Inspiration
People keep typing prompts into ChatGPT, then alt-tabbing back to the app to do the thing the AI just told them to do. The AI knows the answer. The human still does the labor. That gap is the problem.
The MacBook notch is the most prime real estate on the screen, and Apple uses it for a camera and dead pixels. We wanted the notch to be where your AI actually lives — not a chat window you open, but a pal that is always there, watching the same screen you watch, ready to grab the cursor when you ask.
The theme of the hackathon was connections. We built the connection between human and agent — same desktop, same cursor, same context.
What It Does
AgentNotch is a macOS computer-use agent that lives in two places:
- The notch — its home. Shows live agent state, calendar, Spotify, and settings.

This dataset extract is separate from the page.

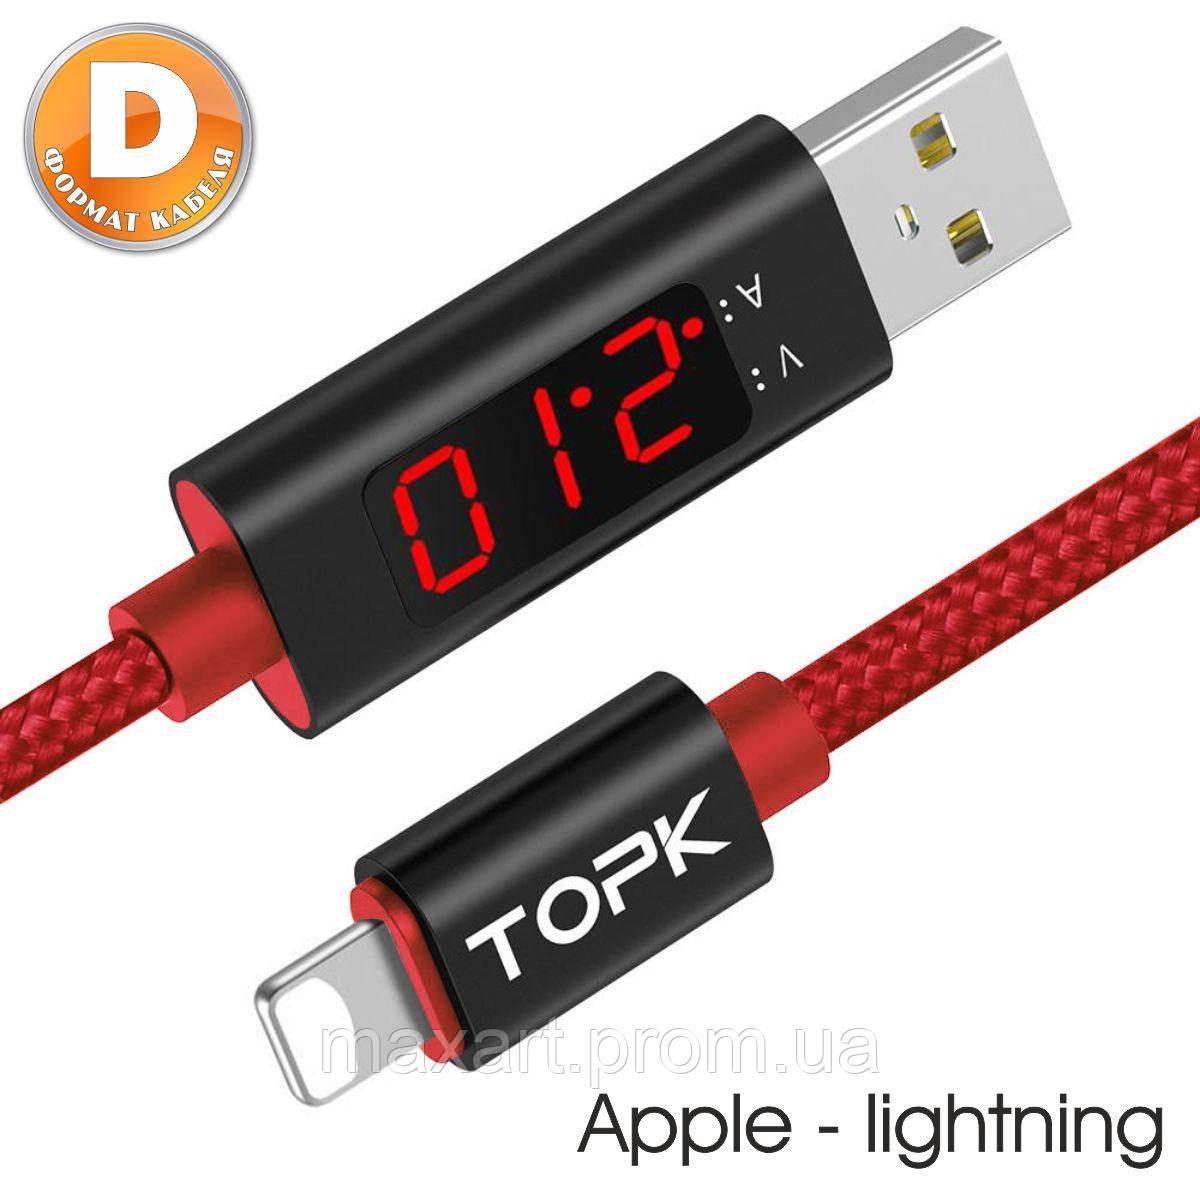 Кабель USB TOPK (D-line) Apple-lightning (100 см) Red 5V/2,1A
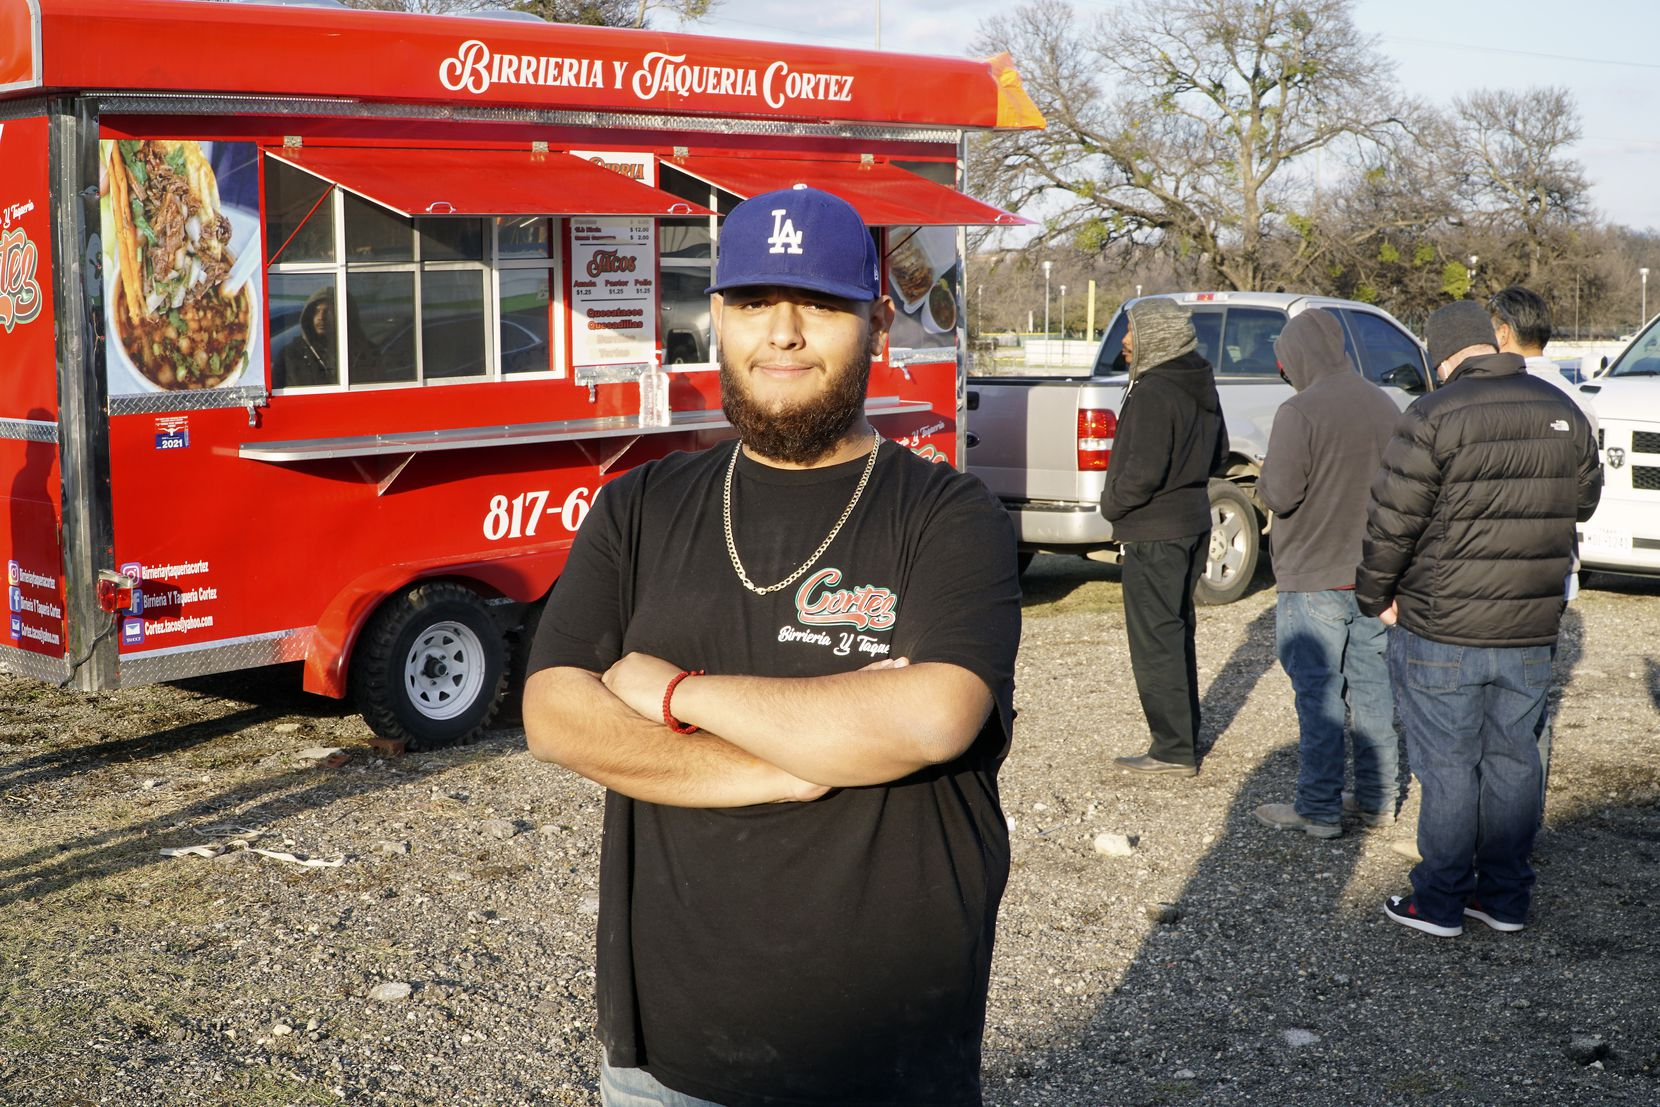 Rogelio Cortez Jr., owner of Birrieria Y Taqueria Cortez food truck in Fort Worth

- Your cursor — its body. A sprite follows your real cursor. Long-press the mouse, speak, and the sprite detaches and physically clicks and types for you using human-like motion.
Two parallel brains run under the hood:
A background observer (Gemini Flash Lite) watches the screen on every click and app switch. Over time, it builds a map of every app and surface you touch, so when you ask it to do something, it already knows where the buttons are.
A foreground planner (Mercury 2) assembles a context brief in ~600ms when you long-press, then hands it to Claude Haiku 4.5, which drives the cursor turn-by-turn via the computer-use API.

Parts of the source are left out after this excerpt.